I spent part of Friday at a funeral. My uncle passed away, so I drove down to the funeral. I wasn’t the only one. There are 10 kids on my mom’s side, and 8 of the 9 living siblings showed up for the funeral. The one who couldn’t make it felt very bad, but they weren’t able to change travel plans. My mom’s sister passed away several years ago with breast cancer. It was her husband who passed recently after a stroke. As our family filled the fireside lounge, I looked around at how many aunts, uncles, cousins and their kids had made the trip to pay their respects. But mostly, they wanted to be there for my cousins. Although they are adults with kids of their own, I imagine it’s still difficult to lose a parent. This is something that has always struck me as special about this family – and I doubt many of them give it a second thought… they show up. They show up for weddings and funerals, graduations and parties. They show up for each other without thinking it’s a big deal. But it is. Especially to the people they show up for.

I think people get hung up on the right thing to say or do, when sometimes we just need to show up. A hug or a smile or a kind word goes a long way. It doesn’t need to be a grand gesture. They just need to know that someone cares. Regardless of what you do, it will be enough if you show up.

A few years ago, we had a family reunion on this side. There are around 100 of us, and that’s just the “immediate family.” We laughed and played games and ate & drank too much, and we were there for each other. I like to think that my kids learn more about family when this huge group is together. They learn how to be close even when miles separate them. They learn how to pick up where they left off. They learn how to play cards and laugh until you cry. Another reunion is in the works, and I’m honored to be planning it.

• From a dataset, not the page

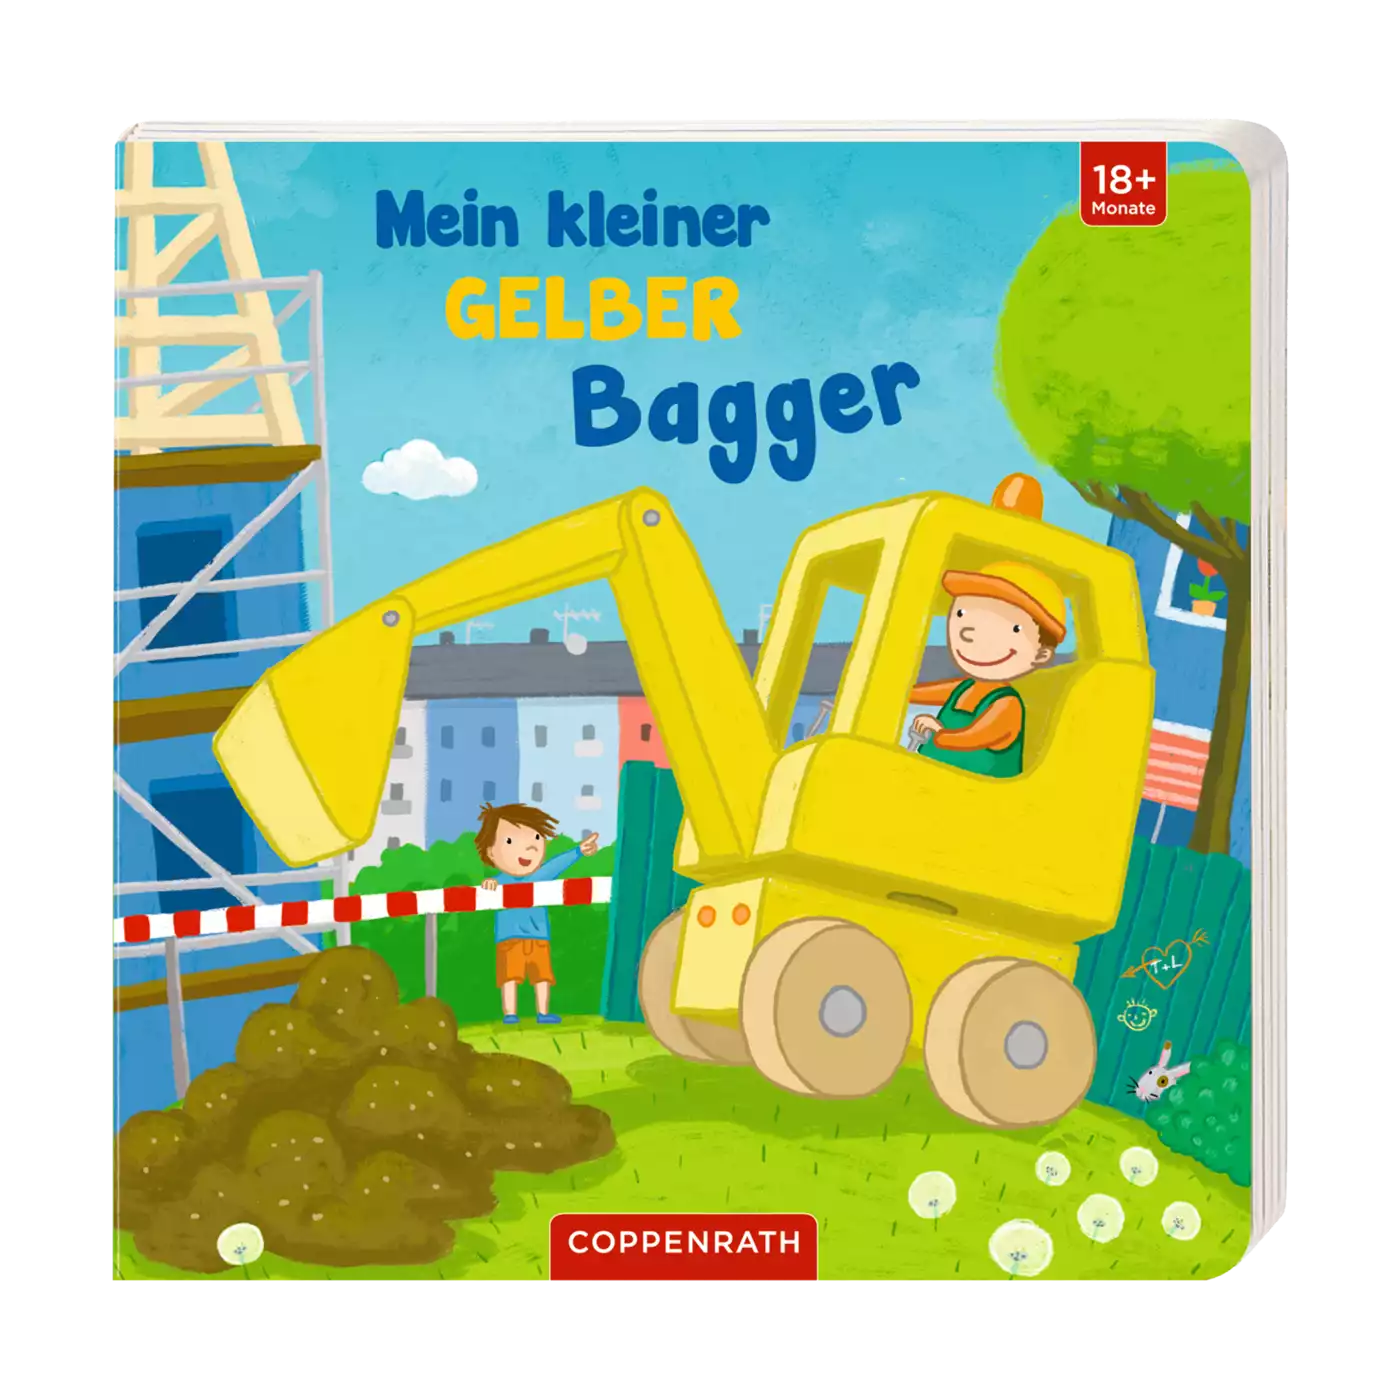 Mein kleiner gelber Bagger DIE SPIEGELBURG 2000565362108 1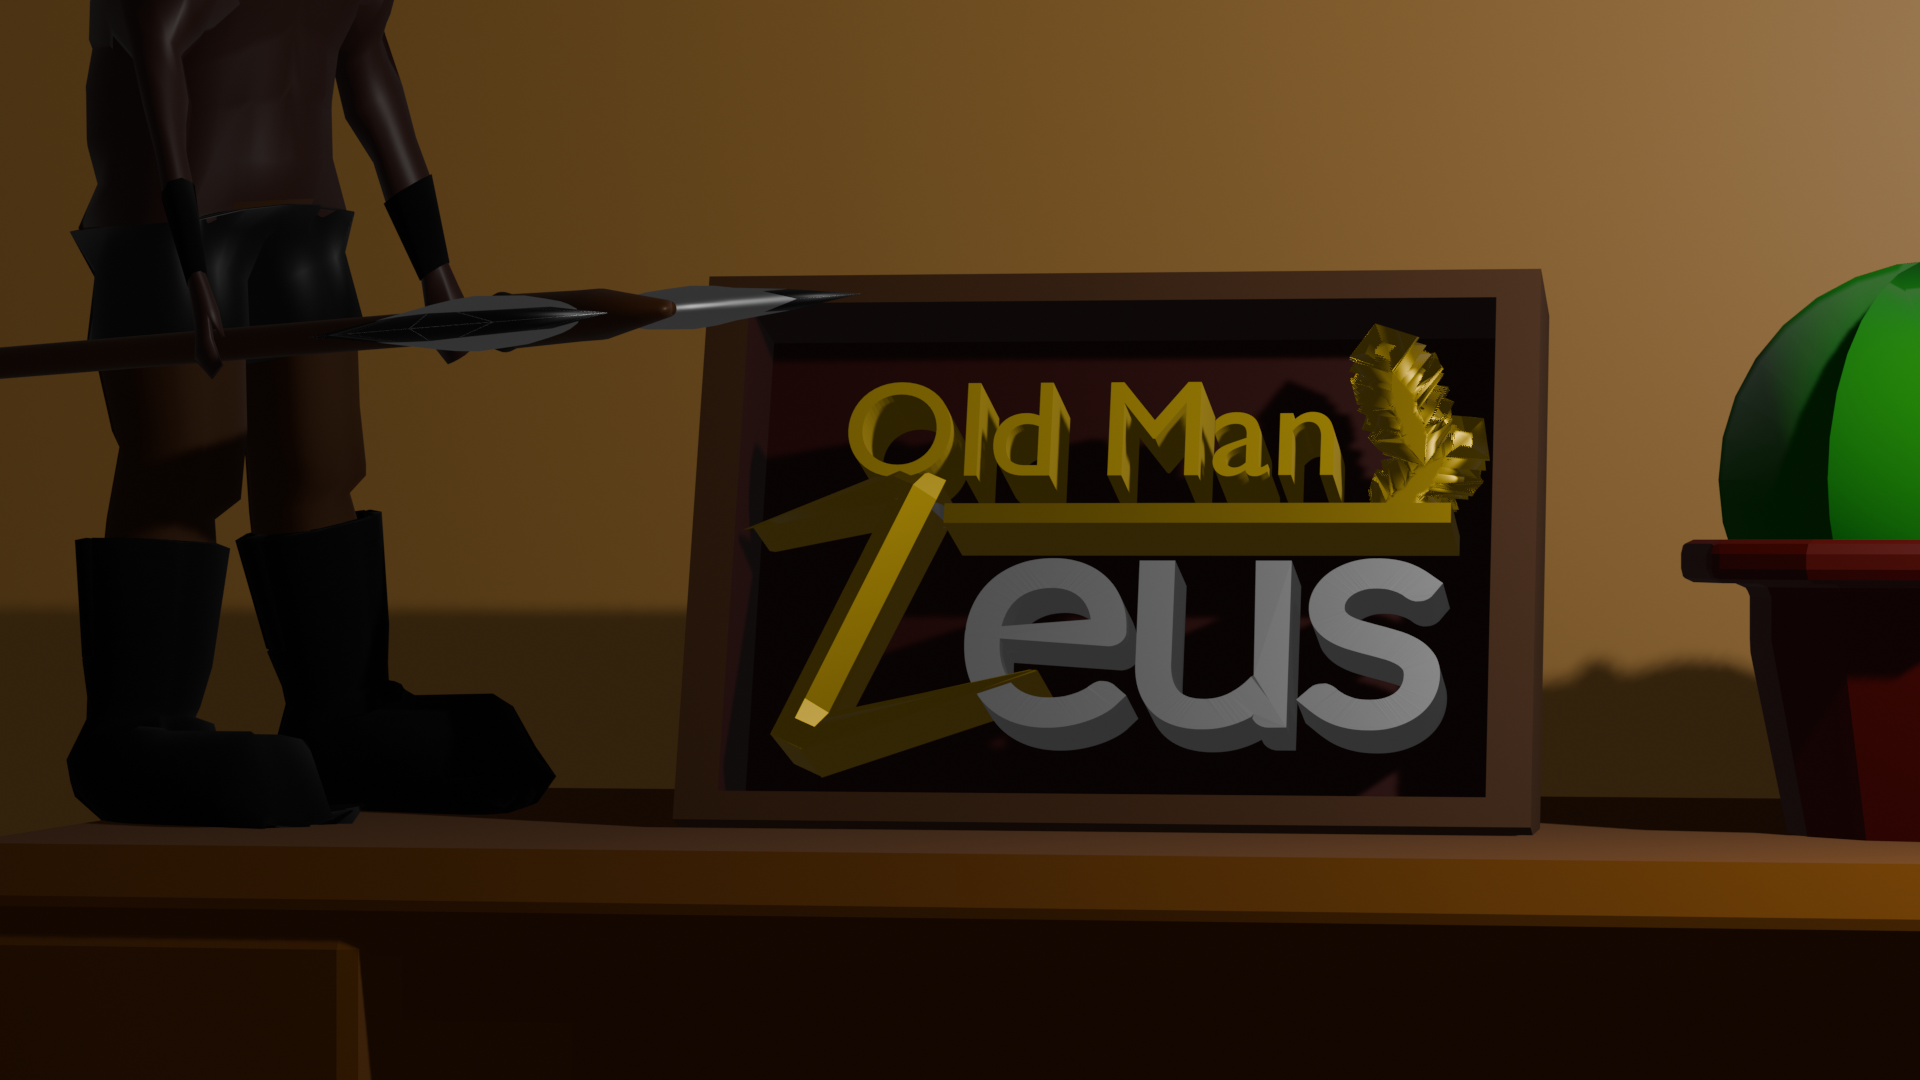 Old Man Zeus

My aunt who passed was a neat lady. Red hair and a soft smile, she was also a planner. She was the glue that brought the family together. She planned events and parties but she really knew how to make people feel special. In the small North Dakota town where my grandparents lived, there used to be a Dairy Queen. I remember my aunt taking me there for a treat. Mostly, she made me feel seen, important & special. I was probably a pre teen at the time. That memory stuck with me. When someone compares me to her, I am extremely honored. I felt her presence at the funeral. I pictured her sitting next to me in the empty chair, and she was grinning. She was so glad her family had come together to honor her husband. She was glad they showed up.

So, I hope this will remind you that however you decide to show up, it will be enough. Visit the person who is lonely. Bring a meal to someone who is struggling. Just show up. Don’t worry about it being a big enough gesture. Peace be with you on your journey of enough. May you know that God can dwell within you, and when we show up for each other, we are sharing that love.

PS- this beautiful necklace was given to me by my thoughtful niece… my saying and my birthstone. I’m so thankful.